The minimum expected search time in an optimal binary search tree for the key set and the optimal search tree under which the minimum expected search time is achieved. ${\ displaystyle k_ {i}}$

However, if there are geometrically falling probabilities, then the search time for the associated very rare keys cannot be logarithmically restricted.

Calculation of the search time

The search time for a key search or the search costs for a key search is the number of nodes visited on a path from the root to the key node in a binary search tree. So if a key a depth of has in the tree, then its search costs . ${\ displaystyle k_ {i}}$ ${\ displaystyle d (k_ {i})}$ ${\ displaystyle d (k_ {i}) + 1}$

In order to model the search time for non-existent keys, each leaf is given two child nodes and . If a -sheet is reached during the search , then the node is not contained in the binary search tree. ${\ displaystyle k_ {i}}$ ${\ displaystyle d_ {i-1}}$ ${\ displaystyle d_ {i}}$ ${\ displaystyle d_ {i}}$

For a given search tree , the expected search time can be calculated: ${\ displaystyle T}$

${\ displaystyle {\ begin {aligned} E (T) & = & \ sum _ {i = 1} ^ {n} (d (k_ {i}) + 1) p_ {i} + \ sum _ {i = 0} ^ {n} (d (d_ {i}) + 1) q_ {i} \\ & = & \ sum _ {i = 1} ^ {n} d (k_ {i}) p_ {i} + \ sum _ {i = 1} ^ {n} p_ {i} + \ sum _ {i = 0} ^ {n} d (d_ {i}) q_ {i} + \ sum _ {i = 0} ^ {n} q_ {i} \\ & = & 1+ \ sum _ {i = 1} ^ {n} d (k_ {i}) p_ {i} + \ sum _ {i = 0} ^ {n} d ( d_ {i}) q_ {i} \ end {aligned}}}$

Recursive computation

The Bellman algorithm calculates the expected search time under an optimal binary search tree recursively on the sequence of search keys.

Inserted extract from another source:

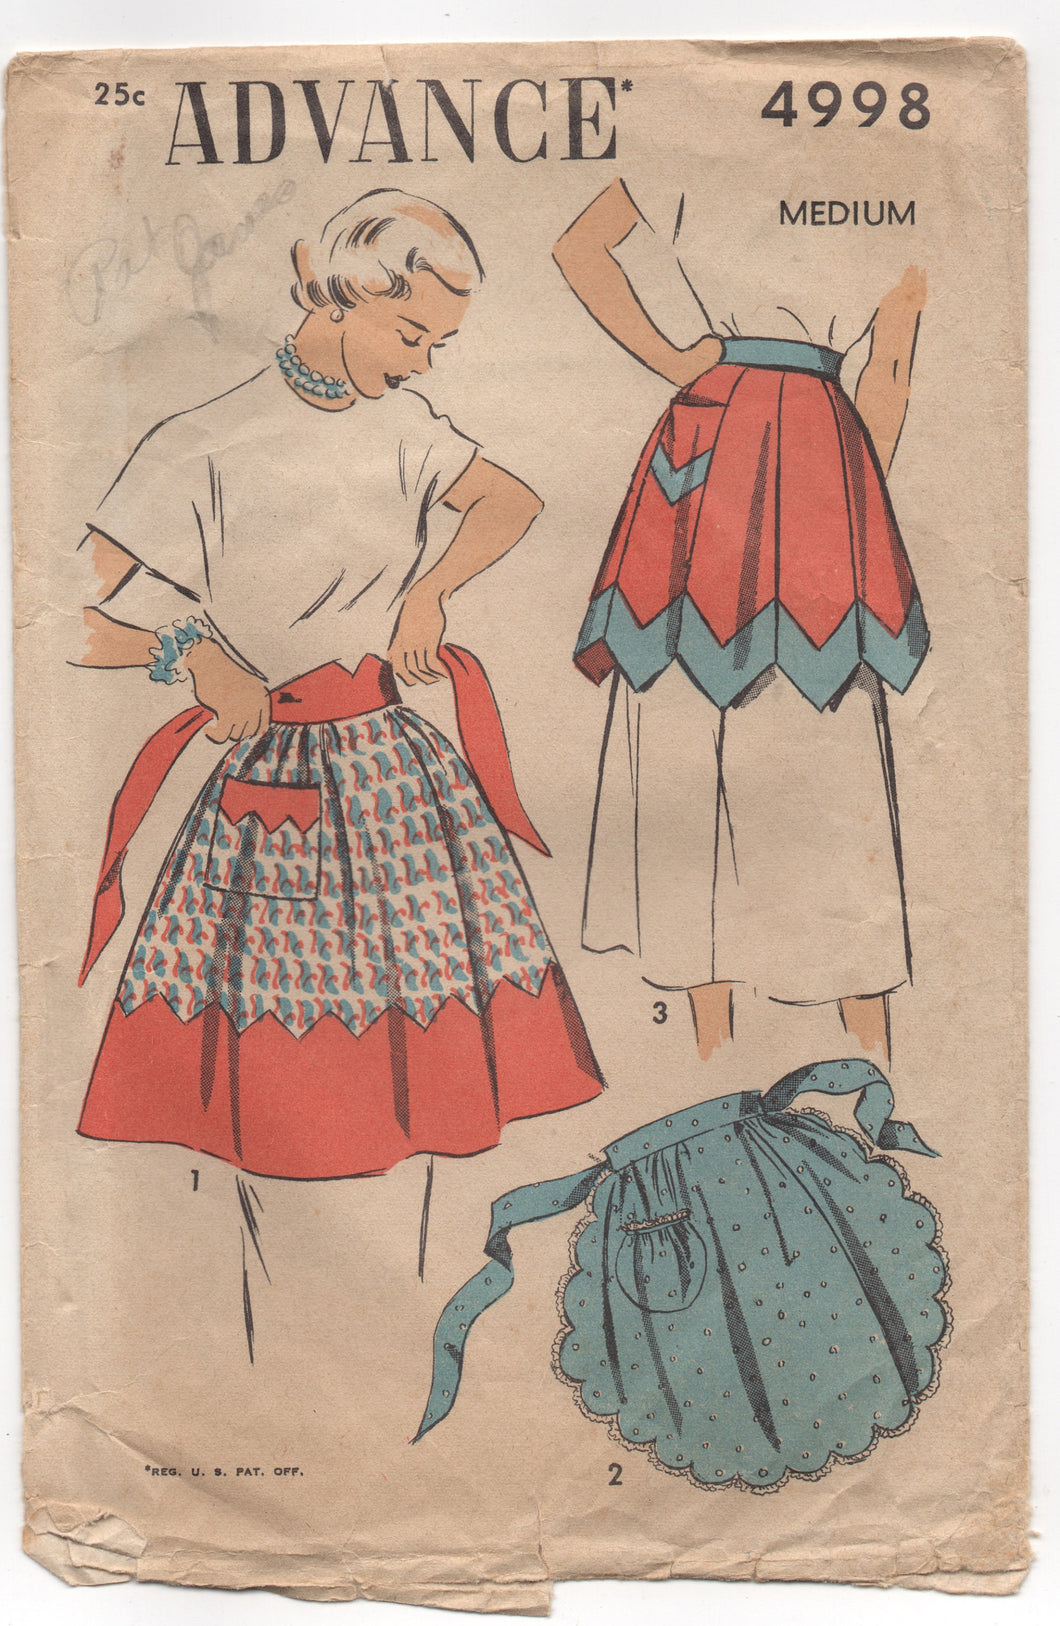 1940's Advance Scalloped Apron, Gored Apron or Apron with Contrasting Band Pattern - Waist 28-30

The algorithm is specified by means of matrix recurrences.

Initialization:

${\ displaystyle M [i, i-1] = q_ {i-1}, 0 <i \ leq n}$

Recursion:

${\ displaystyle M [i, j] = {\ begin {Bmatrix} \ min _ {i \ leq r \ leq j} M [i, r-1] + M [r + 1, j] + w (i, j) \ end {Bmatrix}}, 0 \ leq i \ leq n, 0 <j \ leq n, i \ leq j}$

In each cell, there is the minimum search duration under an optimal search tree for the partial sequence of the search key sequence , the sum of all search probabilities denoting the keys in the tree for the partial sequence. So the minimum search time for the entire sequence is stored in the cell . ${\ displaystyle M [i, j]}$ ${\ displaystyle i, j}$ ${\ displaystyle k_ {i}}$ ${\ displaystyle w (i, j)}$ ${\ displaystyle M [1, n]}$

In the recursion, each choice for choosing as the root of the tree corresponds to the subsequence . The creation of the root increases the depth of each node in this tree by 1. So the expected search time in this tree must be increased by. ${\ displaystyle r}$ ${\ displaystyle k_ {r}}$ ${\ displaystyle i, j}$ ${\ displaystyle w (i, j)}$

${\ displaystyle w (i, j)}$ is defined as

${\ displaystyle w (i, j) = \ sum _ {l = i} ^ {j} p_ {l} + \ sum _ {l = i-1} ^ {j} q_ {l}}$

and can be calculated efficiently with a matrix recurrence.

Backtracking

In order to construct an optimal search tree with the minimum expected search duration, the calculation of the optimal value must be traced back using backtracking . Alternatively, an additional auxiliary matrix can be used in an implementation of the algorithm, which is filled with the optimal values of for each during the calculation of and is evaluated after the calculation of has been completed. ${\ displaystyle M [1, n]}$ ${\ displaystyle M}$ ${\ displaystyle r}$ ${\ displaystyle i, j}$ ${\ displaystyle M}$

complexity

The runtime of the calculation of the matrix for the values is in . The matrix contains entries and each entry must be optimized using elements. So the runtime complexity of the algorithm is in and the memory requirement in . ${\ displaystyle w (i, j)}$ ${\ displaystyle {\ mathcal {O}} (n ^ {2})}$ ${\ displaystyle M}$ ${\ displaystyle {\ mathcal {O}} (n ^ {2})}$ ${\ displaystyle {\ mathcal {O}} (n)}$ ${\ displaystyle {\ mathcal {O}} (n ^ {3})}$ ${\ displaystyle {\ mathcal {O}} (n ^ {2})}$

The iteration over in the recursion can be further restricted so that the total runtime of all iterations is in . So the total runtime of the algorithm modified in this way is then in . ${\ displaystyle r}$ ${\ displaystyle {\ mathcal {O}} (n)}$ ${\ displaystyle {\ mathcal {O}} (n ^ {2})}$

literature

Thomas H. Cormen, Charles E. Leiserson , Ronald L. Rivest , Clifford Stein: Introduction to Algorithms . 2nd Edition. MIT Press, Cambridge (Massachusetts) 2001, ISBN 0-262-03293-7 , pp. 356-363 .
Donald Ervin Knuth : The Art of Computer Programming 3. Sorting and Searching . 2nd Edition. Addison-Wesley Longman, Amsterdam 1998, ISBN 0-201-89685-0 , pp. 436-442 .

swell

^ Donald Ervin Knuth : The Art of Computer Programming 3. Sorting and Searching . 2nd Edition. Addison-Wesley Longman, Amsterdam 1998, ISBN 0-201-89685-0 , pp. 436-442 .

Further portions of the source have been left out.